Византийская культура, в том числе и прежде всего искусство, в отличие от западной, не знала разрушений. На античных художественных образцах здесь учились, античность здесь навсегда осталась “живой” и стала настоящим фундаментом всей культуры. Собственный художественный язык был обретен путем трансформации античного, а не создавался заново, как бы “с нуля”, как это было в варваризировавшейся Европе. Путь византийского искусства – это естественное развитие раннехристианского средиземноморского, а затем – бережное хранение его классических основ, впрочем, переосмысленных, приспособленных для христианских идей»[481].

Не менее значимым было влияние Византии.

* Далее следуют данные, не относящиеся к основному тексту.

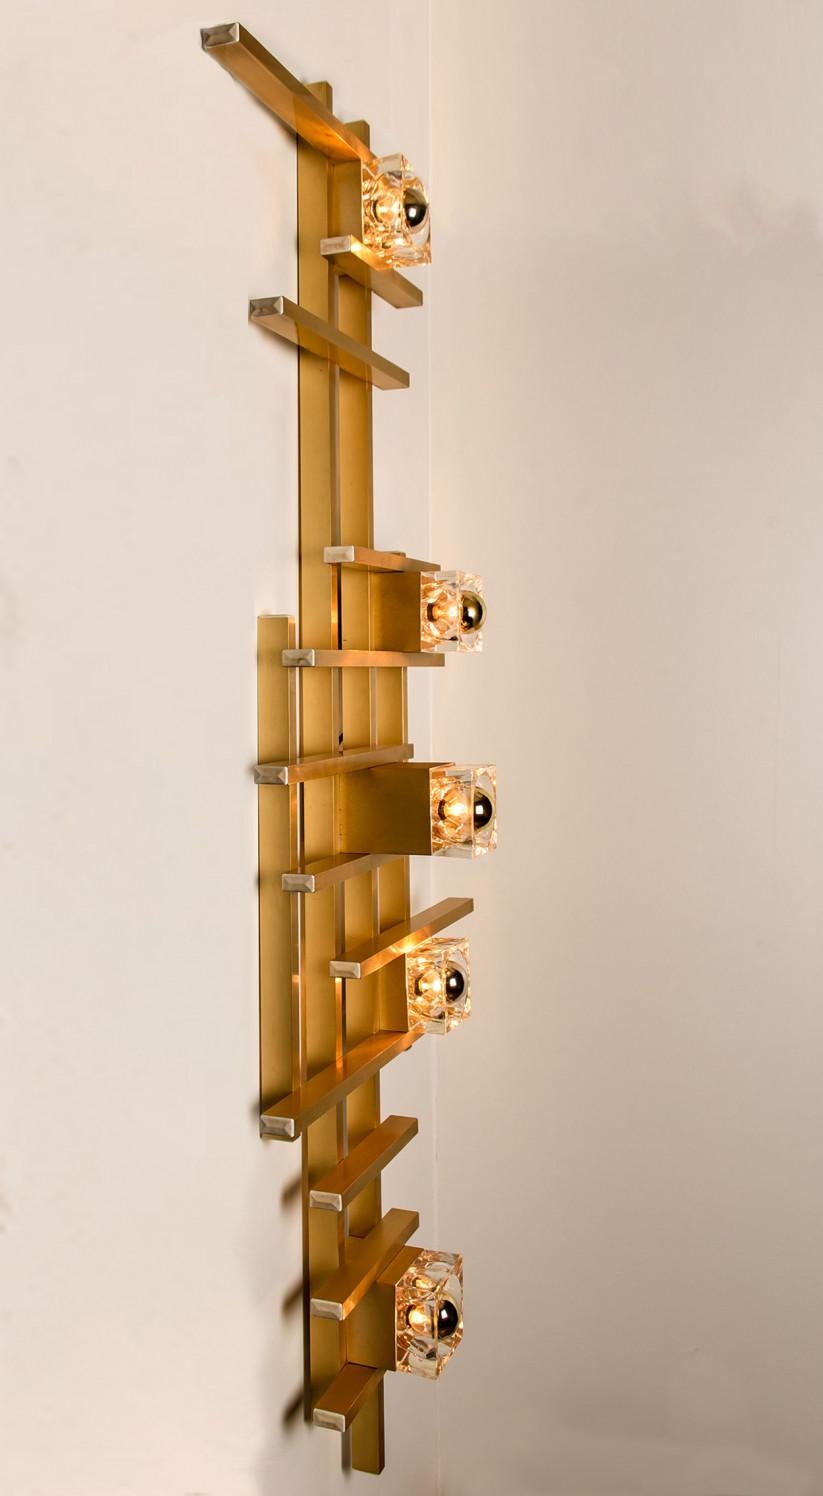 Italian Large Geometric Sculptural Brass Wall Sconce by Sciolari, 1970s For Sale

Вместе с тем, как подчеркивает Г. Флоровский, Русь не слепо копировала византийскую культуру, а прилагала усилия по ее глубокому усвоению и творческому преобразованию в культуру, отвечающую потребностям собственного, самобытного духовно-культурного развития. Уже на ранней стадии своей истории Русь показала удивительные качества воспринимать новую культуру, в данном случае византийскую, приспосабливая ее к своим духовно-культурным потребностям и воззрениям.

Древняя Русь по-своему «читала» христианство. Даже иконы Древней Руси придавали обретенным из Византии святым образам иные, чем в византийской классике, изображения. Позже Андрей Рублев, величайший из иконописцев, написал Христа совсем не так, как это было принято в каноне восточно-христианской традиции до него.